__Aim of the task__
Nothing but a verbatim copy of the data, minus the images, should be returned.

__Source information__
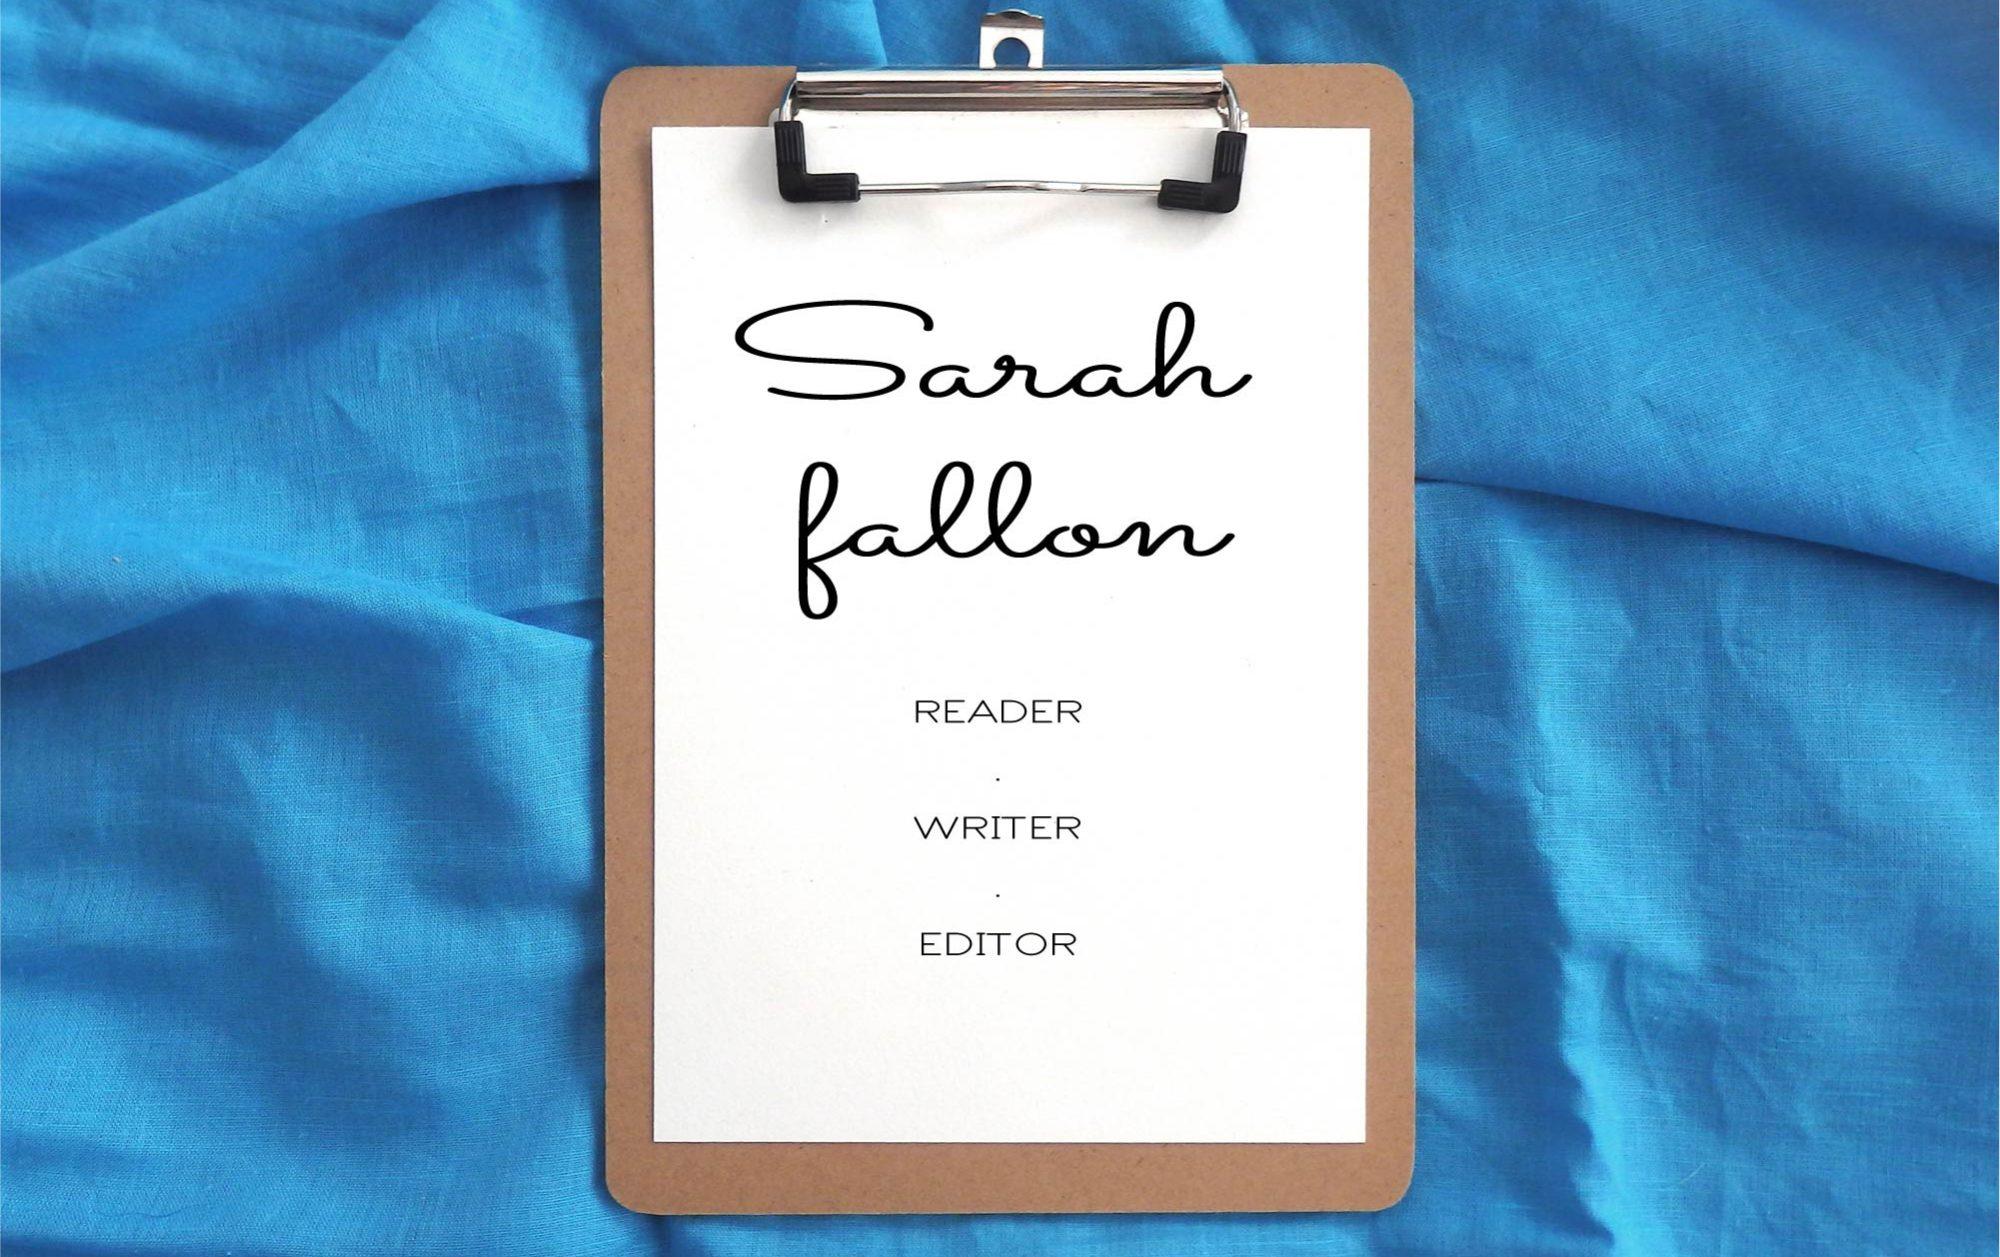 Sarah fallon
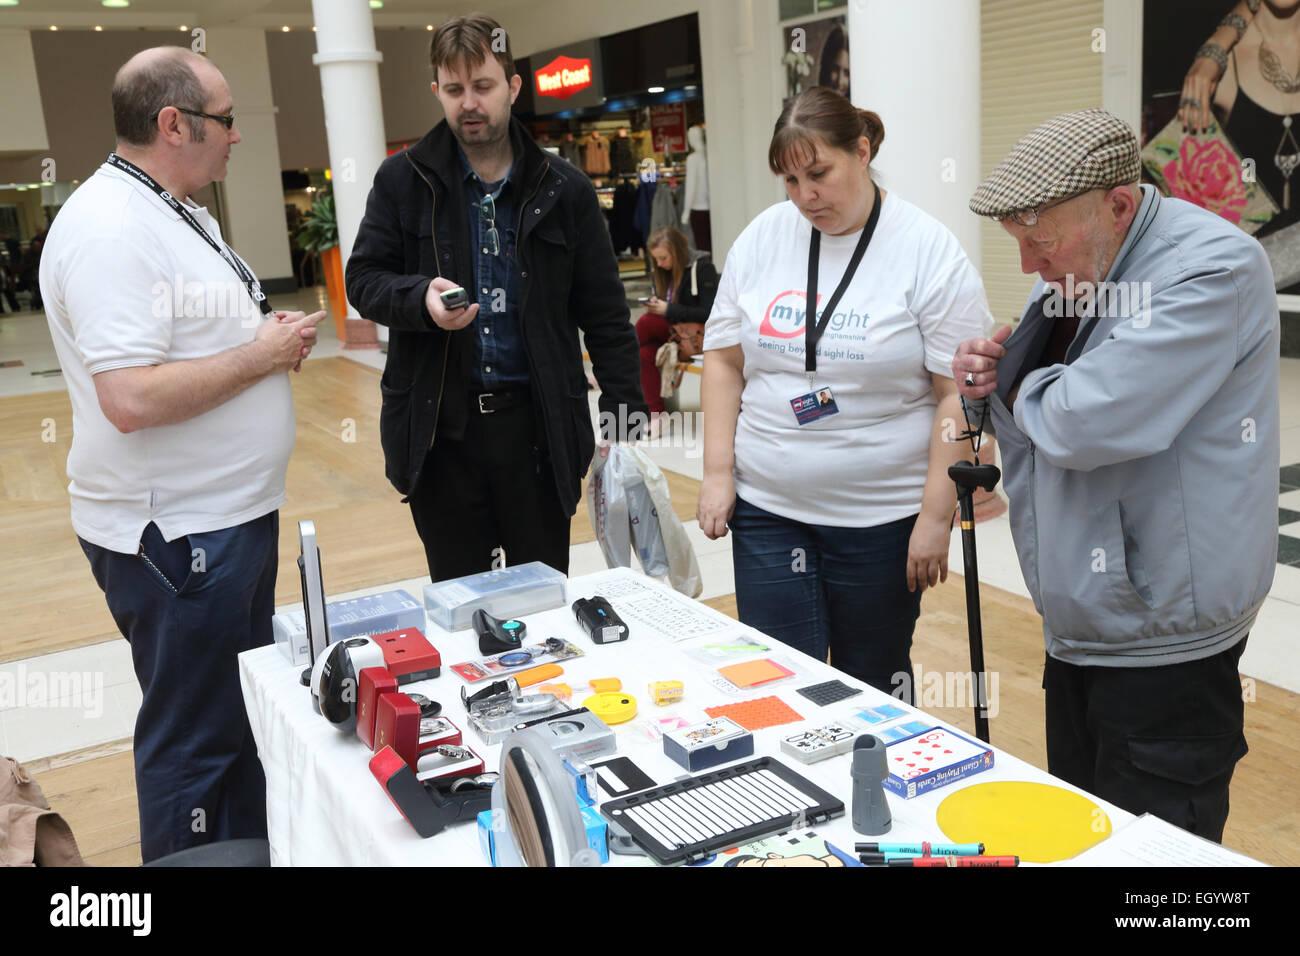 Stall, Förderung von Produkten und Dienstleistungen für Menschen mit Sehbehinderungen, ausgeführt Stockbild
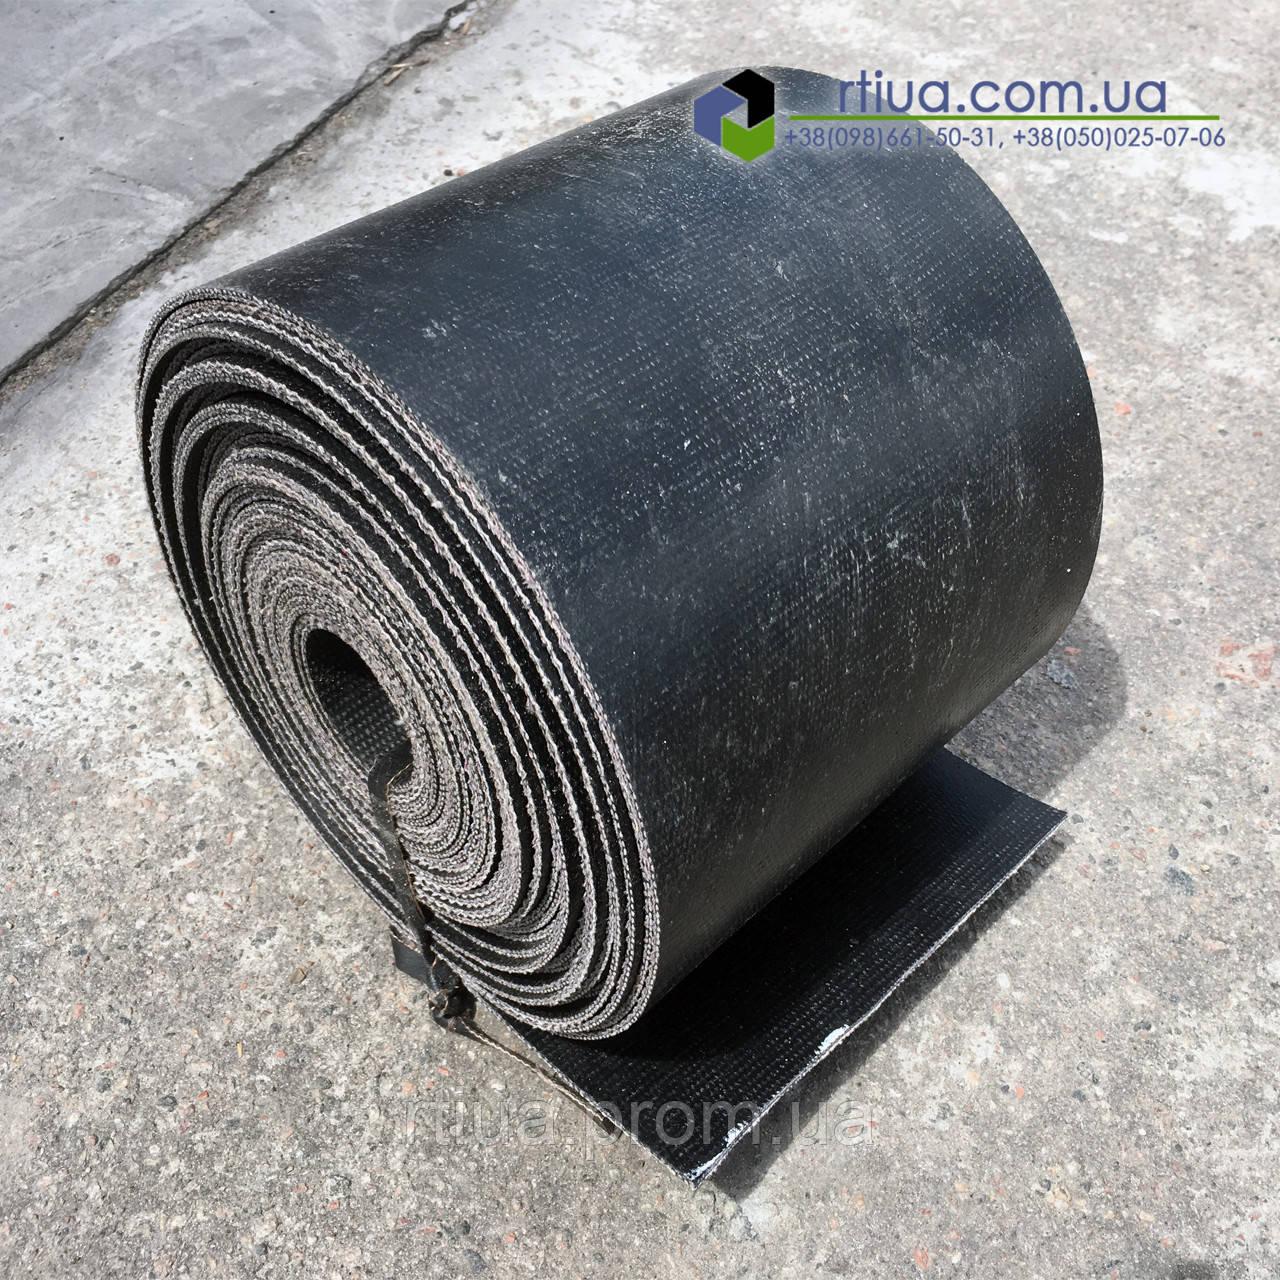 Транспортерная лента БКНЛ, 1400х3 - 3/1 (7 мм)
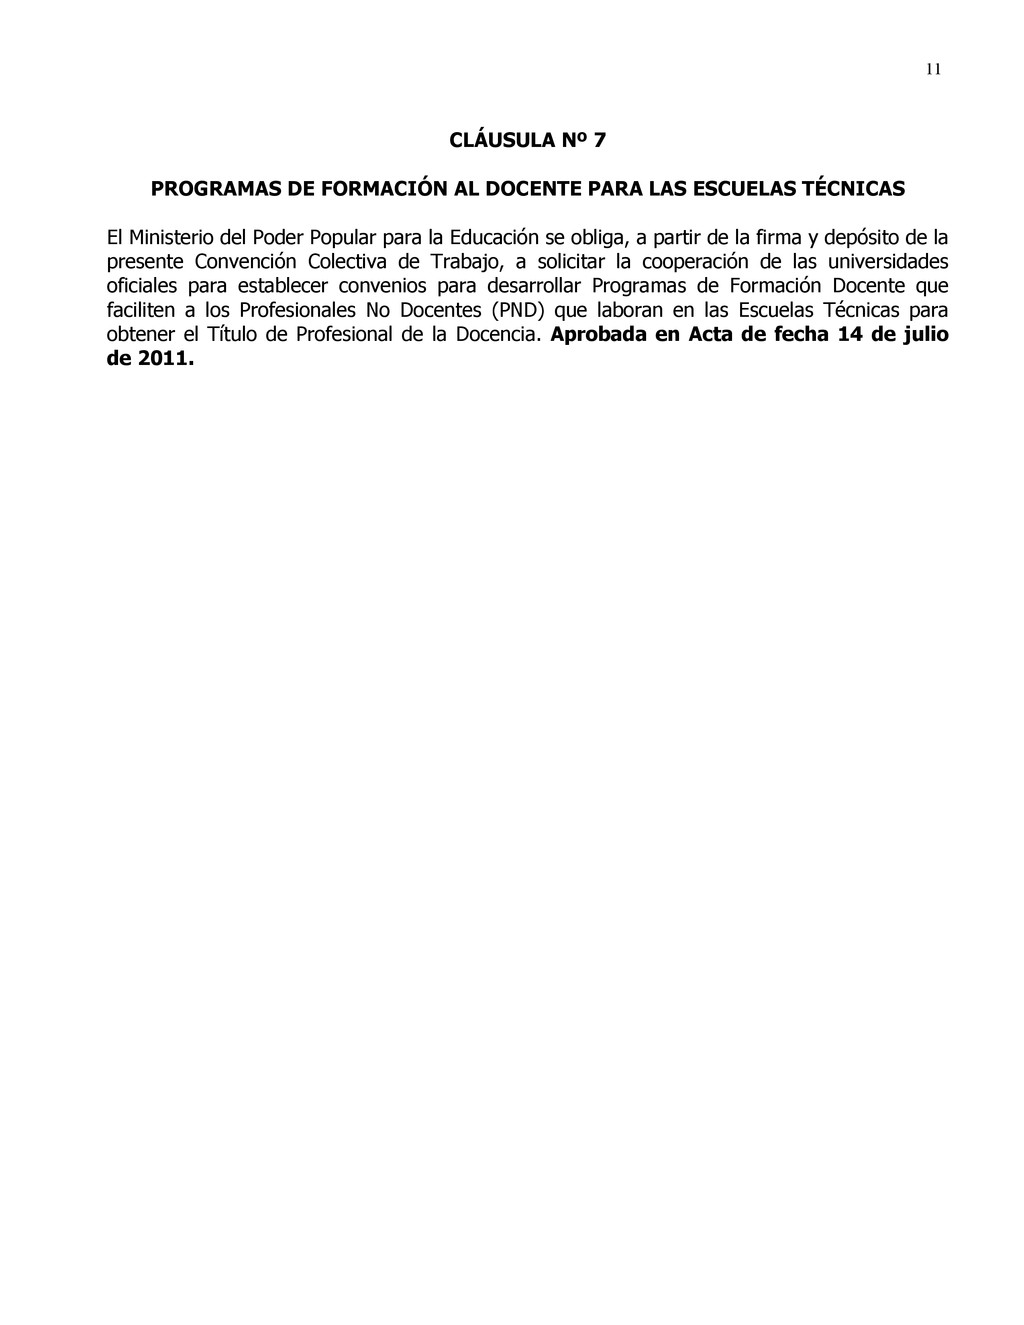 11 CLÁUSULA Nº 7 PROGRAMAS DE FORMACIÓN AL DOCE...
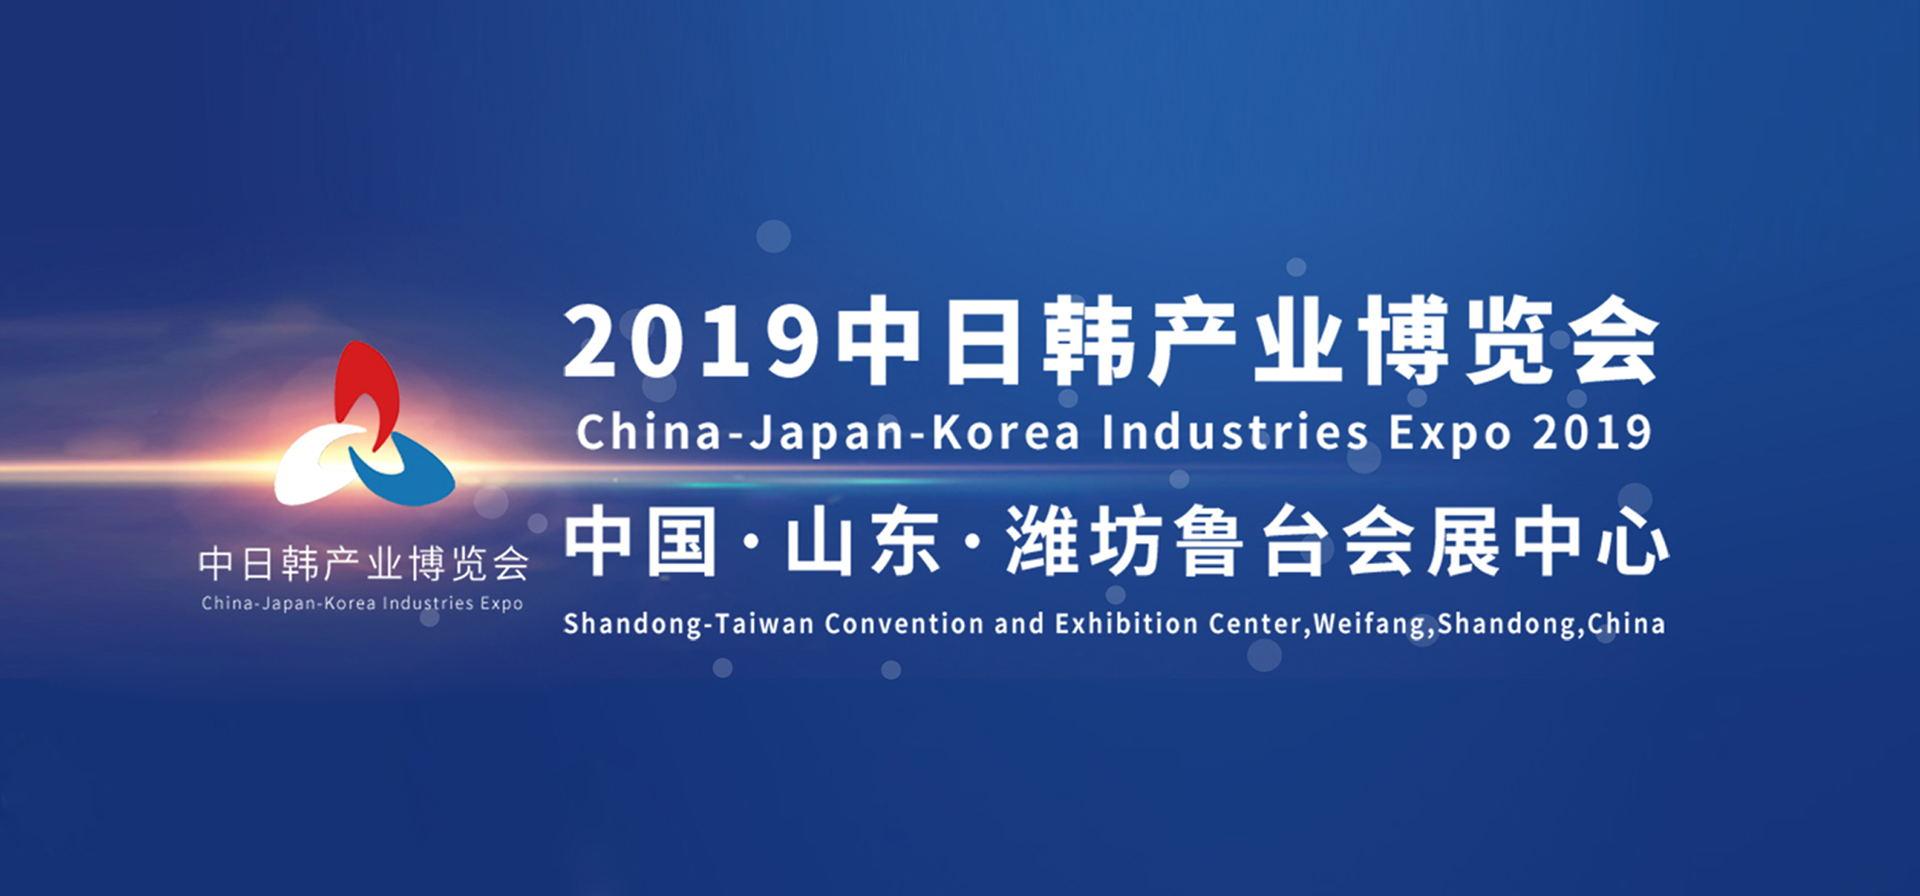 2019第五届中日韩产业博览会

__Task response__
 Sarah fallon
 Stall, Förderung von Produkten und Dienstleistungen für Menschen mit Sehbehinderungen, ausgeführt Stockbild
 Транспортерная лента БКНЛ, 1400х3 - 3/1 (7 мм)
 11 CLÁUSULA Nº 7 PROGRAMAS DE FORMACIÓN AL DOCE...
 2019第五届中日韩产业博览会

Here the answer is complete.